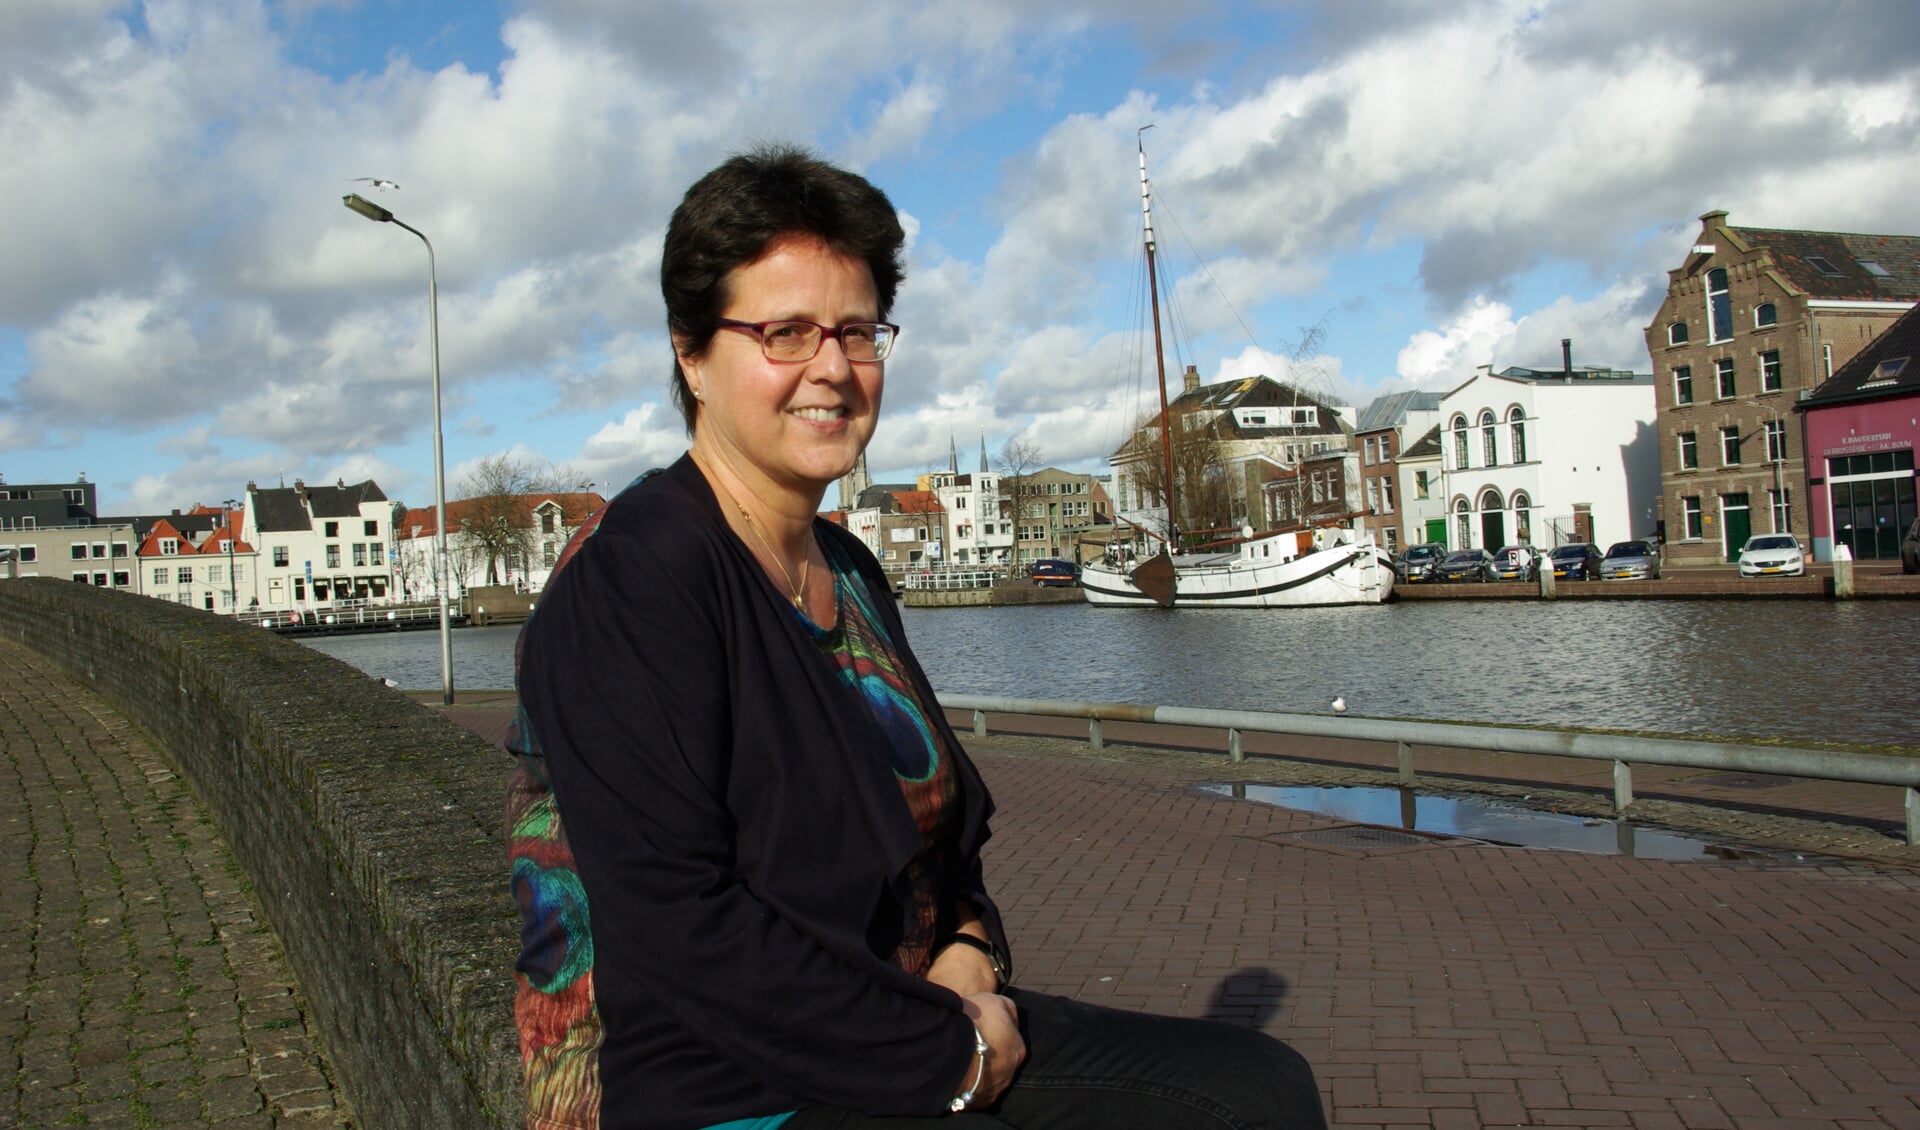 VTV-consulent Petra van der Meer begeleidt vrijwilligers die zich graag voor een ander inzetten. (foto: Jesper Neeleman)
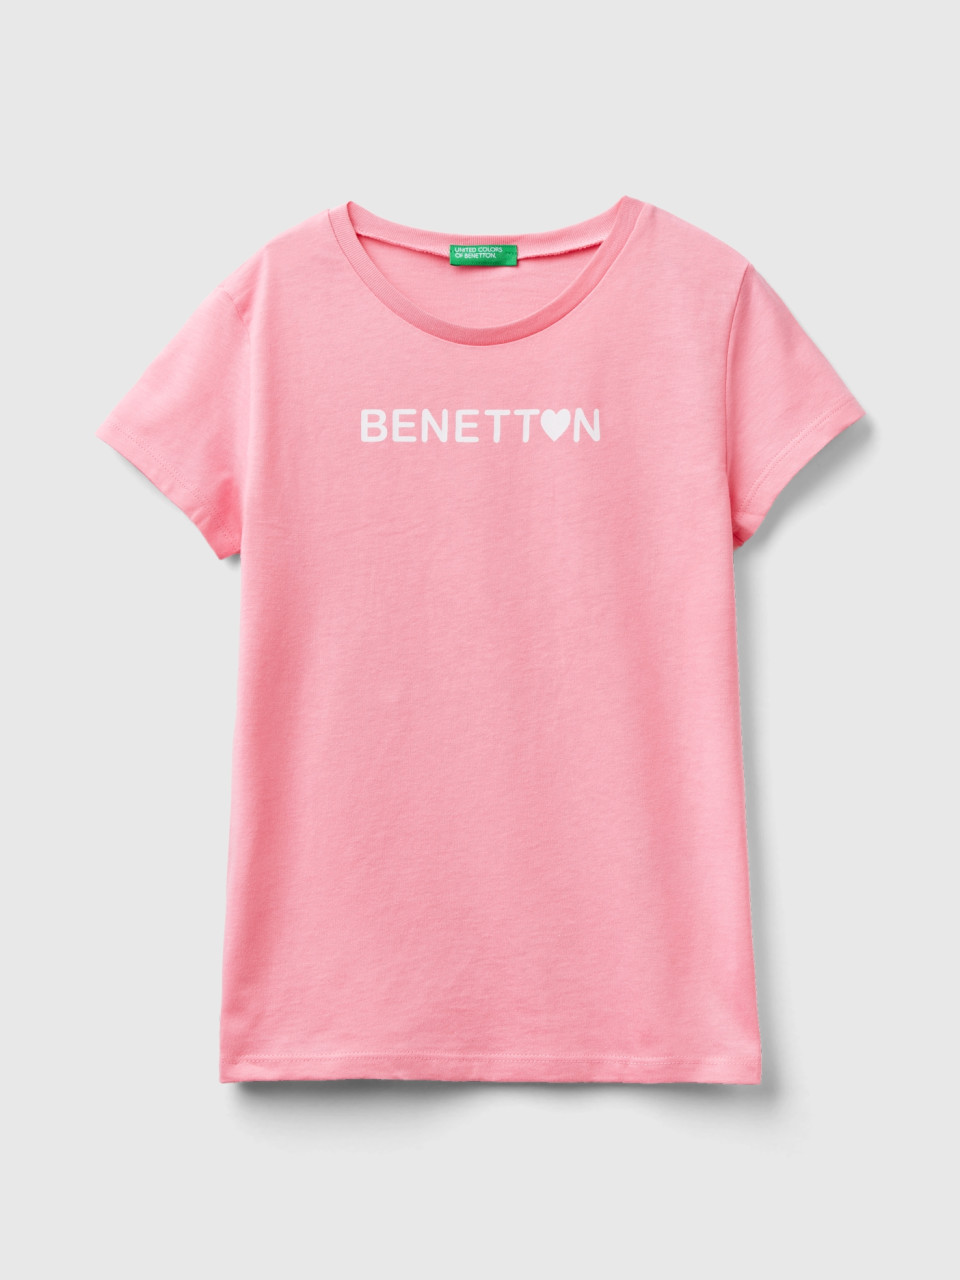 Benetton, Maglietta Con Logo 100% Cotone, Rosa, Bambini
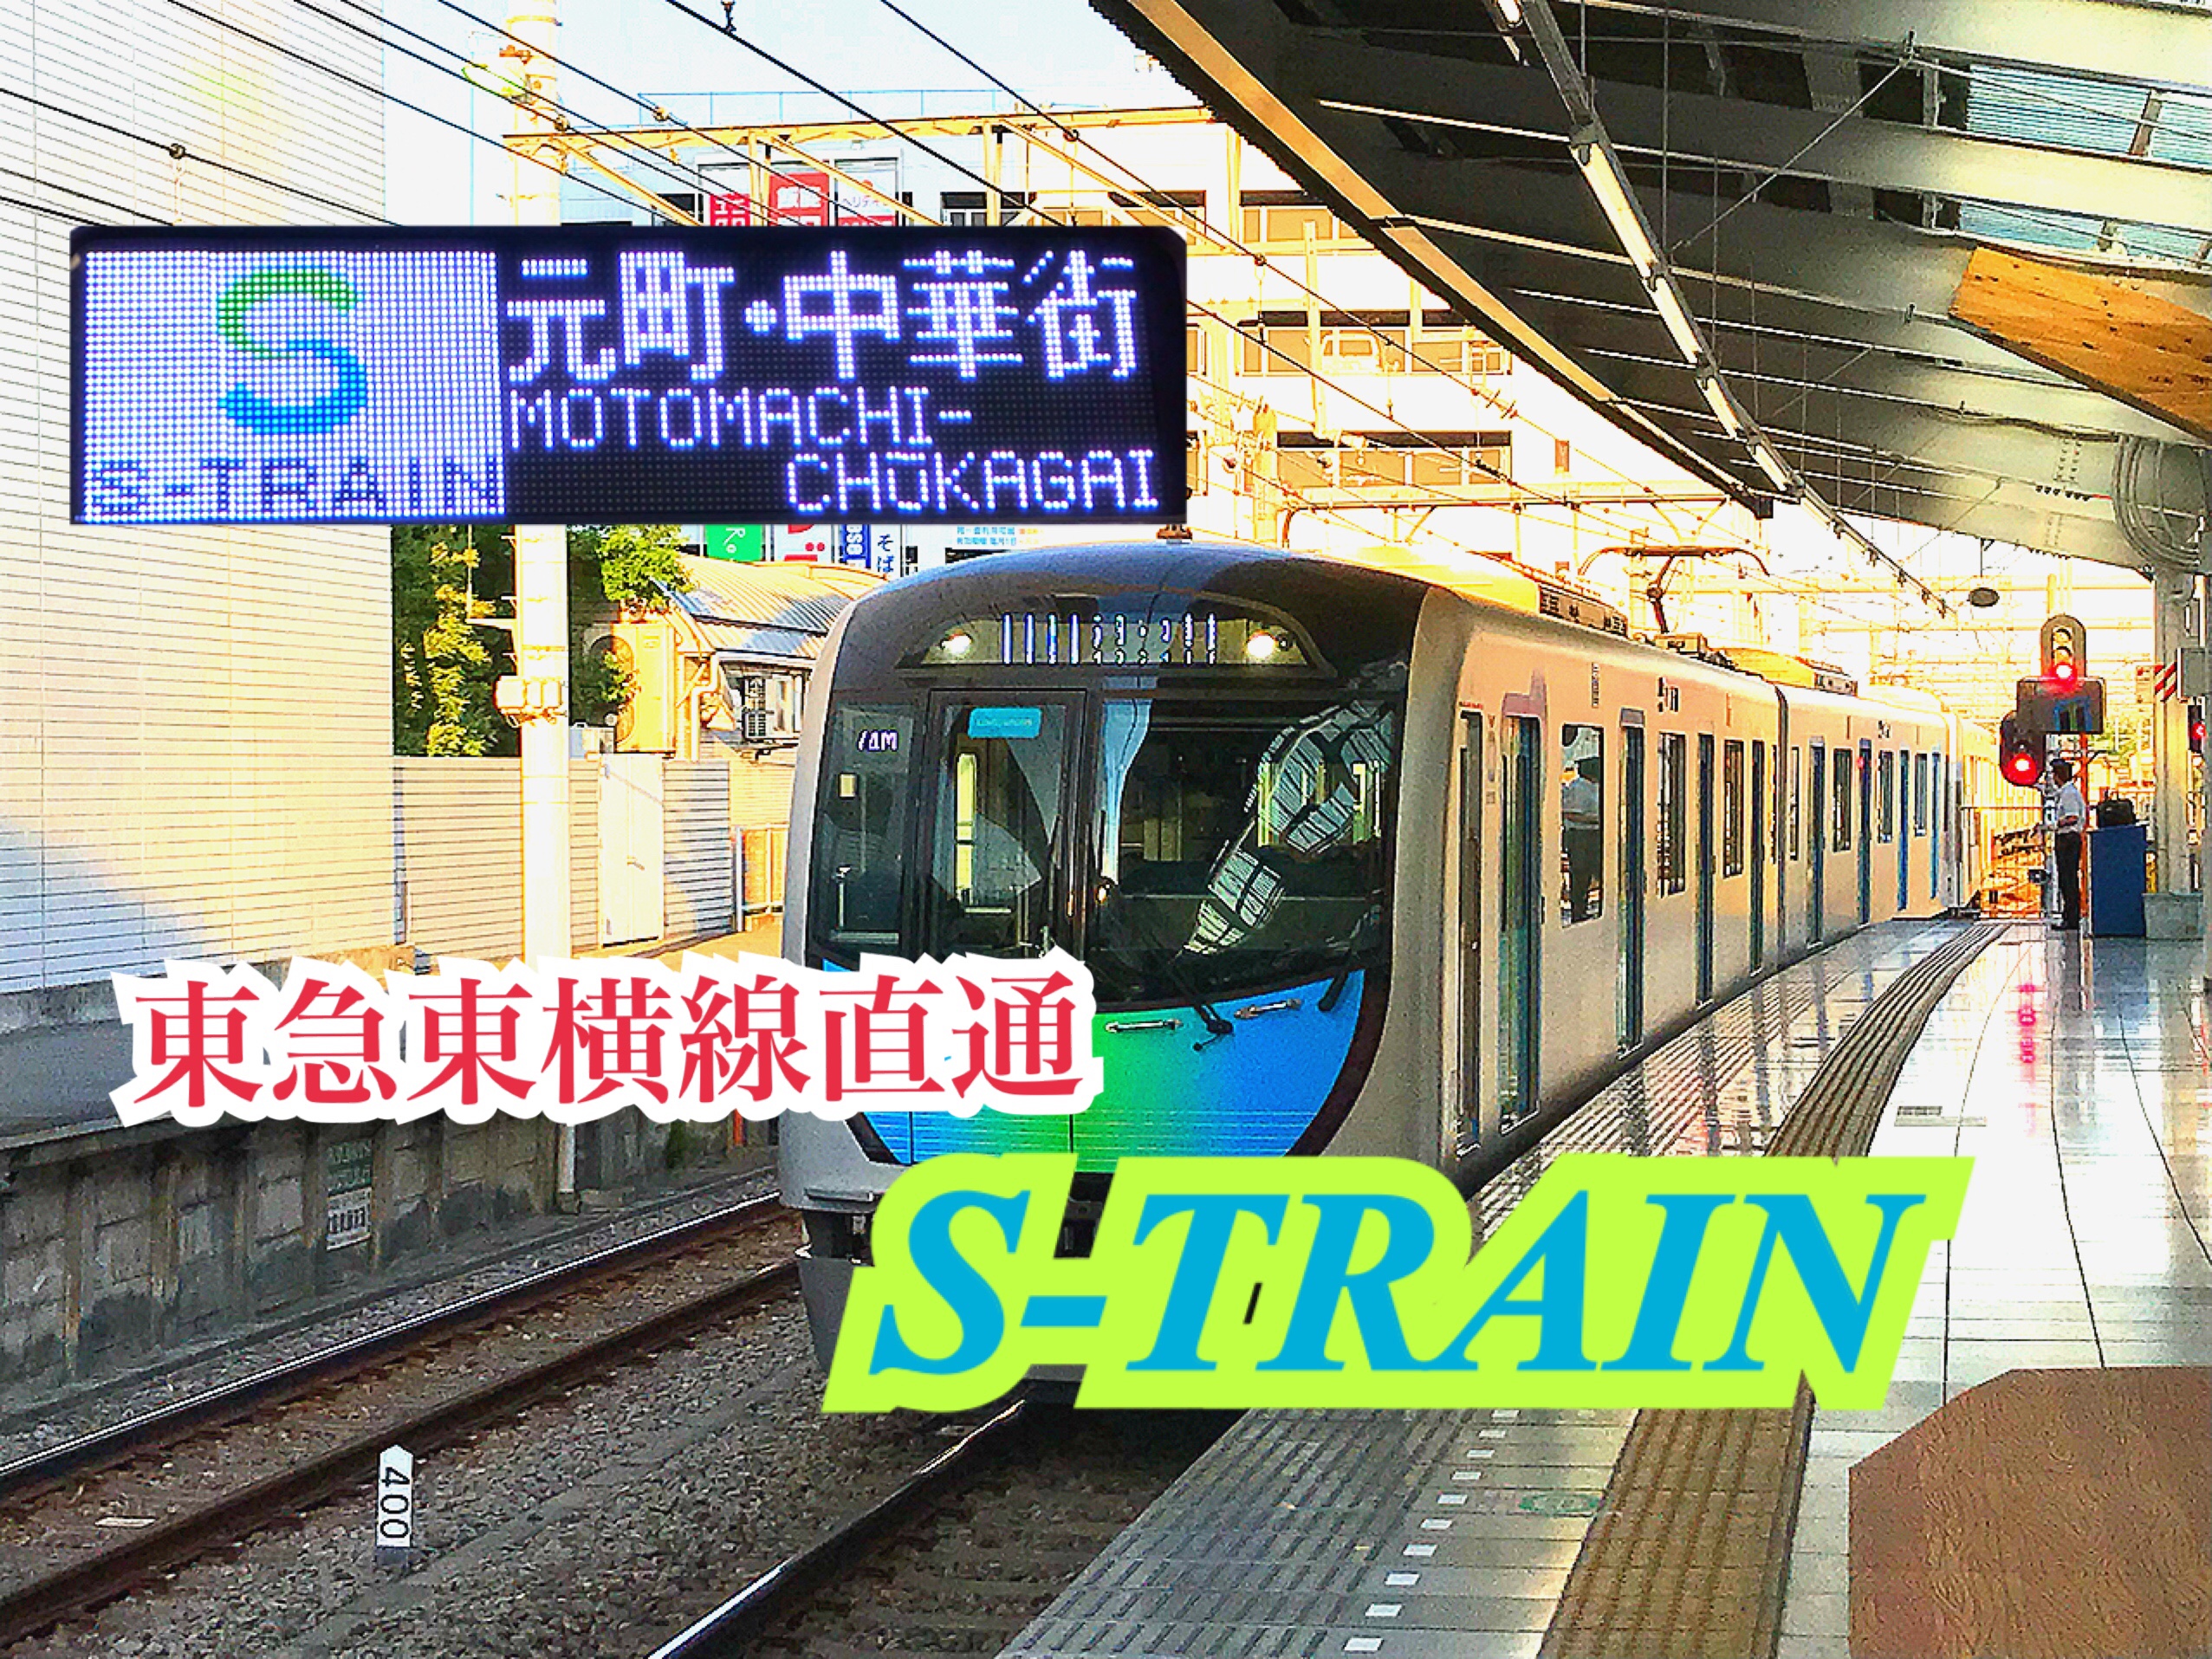 東急直通のS-TRAIN！ガラガラだからこそ快適！S-TRAINで横浜へ！！【西武線の旅】

◆ ◆ ◆ ◆

WORK ORDER = Copy out the whole listing word for word, except for any picture it includes.

RESPONSE TO THIS TASK =
 VTV-consulent Petra van der Meer begeleidt vrijwilligers die zich graag voor een ander inzetten. (foto: Jesper Neeleman)
 Benetton, Maglietta Con Logo 100% Cotone, Rosa, Bambini
 東急直通のS-TRAIN！ガラガラだからこそ快適！S-TRAINで横浜へ！！【西武線の旅】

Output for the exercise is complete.